Iterative Computation — Sliding Window of Three Variables — Watch three variables slide forward along the Tribonacci sequence, computing each new value from the three preceding ones using only O(1) space.

Algorithm

  1. Handle base cases: if n == 0, return 0. If n == 1 or n == 2, return 1.
  2. Initialize three variables: a = 0, b = 1, c = 1 (representing T(0), T(1), T(2)).
  3. Loop from i = 3 to n:
    • Compute next = a + b + c.
    • Shift the window: a = b, b = c, c = next.
  4. Return c.

Code

class Solution {
public:
    int tribonacci(int n) {
        if (n == 0) return 0;
        if (n <= 2) return 1;

        int a = 0, b = 1, c = 1;

        for (int i = 3; i <= n; i++) {
            int next = a + b + c;
            a = b;
            b = c;
            c = next;
        }

        return c;
    }
};
class Solution:
    def tribonacci(self, n: int) -> int:
        if n == 0:
            return 0
        if n <= 2:
            return 1

        a, b, c = 0, 1, 1

        for i in range(3, n + 1):
            a, b, c = b, c, a + b + c

        return c
class Solution {
    public int tribonacci(int n) {
        if (n == 0) return 0;
        if (n <= 2) return 1;

        int a = 0, b = 1, c = 1;

        for (int i = 3; i <= n; i++) {
            int next = a + b + c;
            a = b;
            b = c;
            c = next;
        }

        return c;
    }
}

Complexity Analysis

Time Complexity: O(n)

We iterate from 3 to n, performing one addition and three assignments per iteration.
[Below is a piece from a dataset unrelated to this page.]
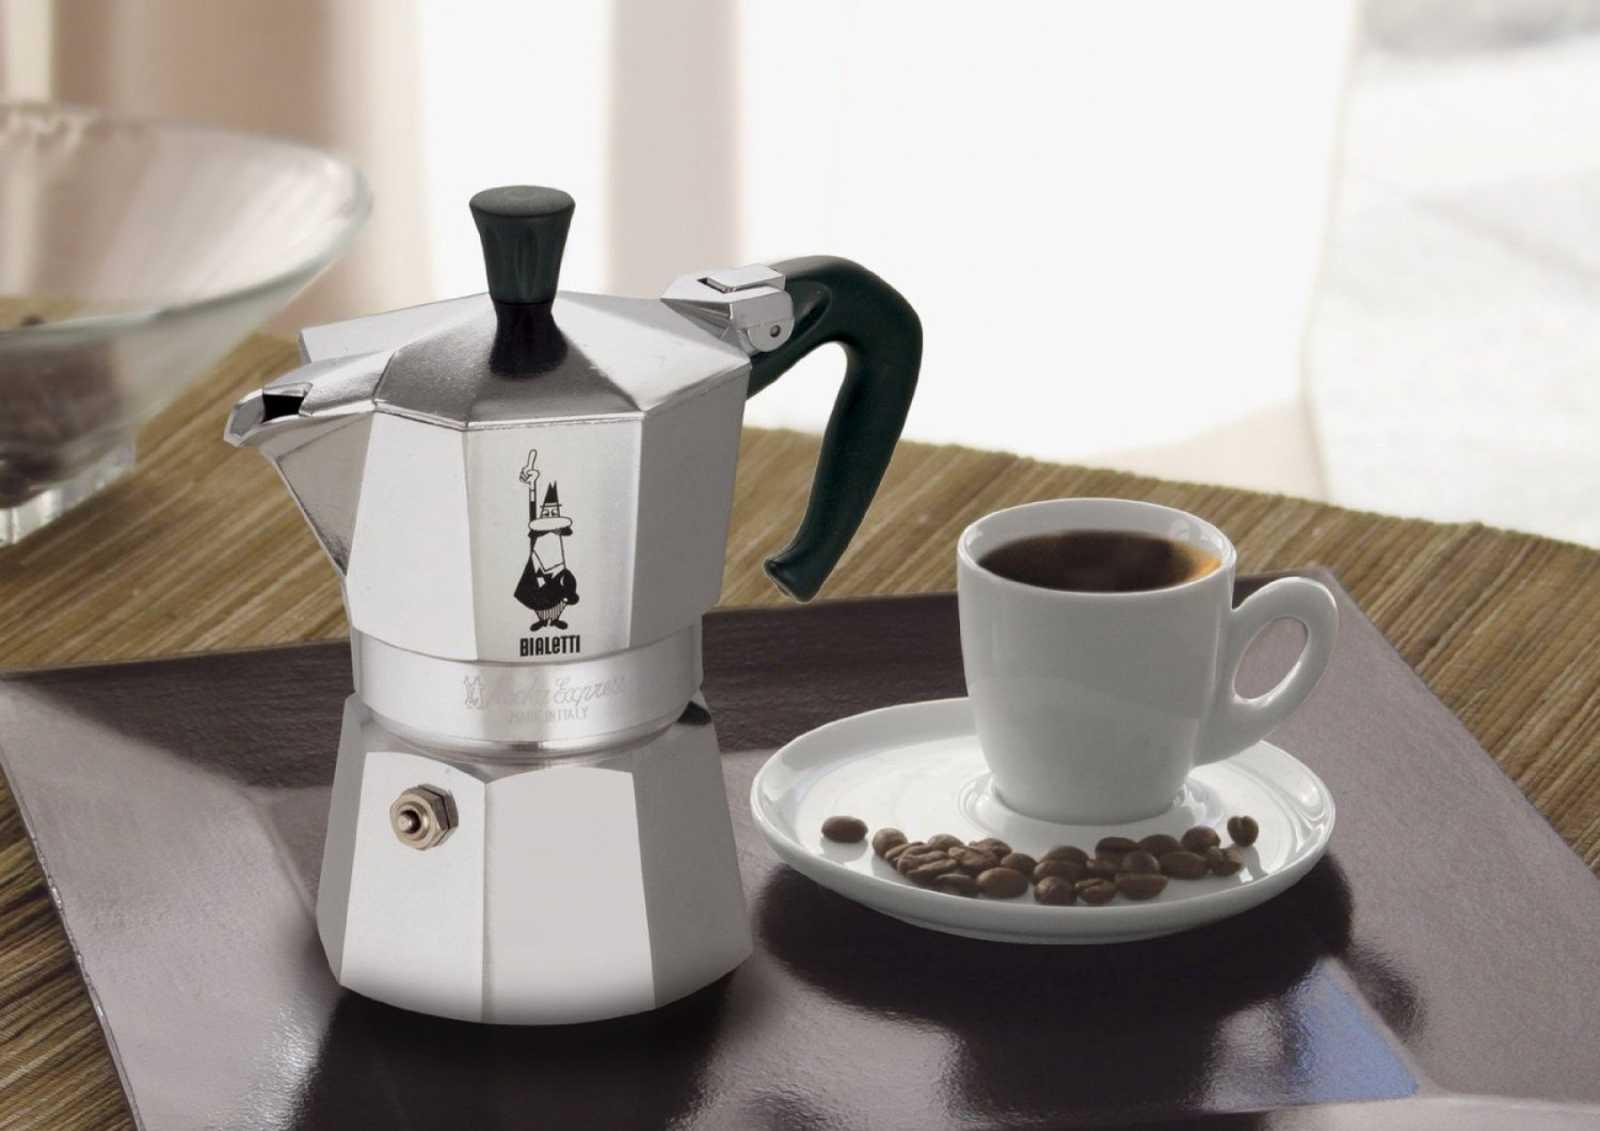 """Кофеварка гейзерная """"Moka express""""  на 6 чашек Bialetti MOKA EXPRESS, серебристый Bialetti 0001163 фото 1"""

Each iteration is O(1), and there are n-2 iterations. Total: O(n).

Space Complexity: O(1)

We use only three integer variables (a, b, c) plus one temporary (next), regardless of input size. No arrays, no recursion stack. This is the optimal space usage — we need at least three previous values for the Tribonacci recurrence, and we achieve exactly that.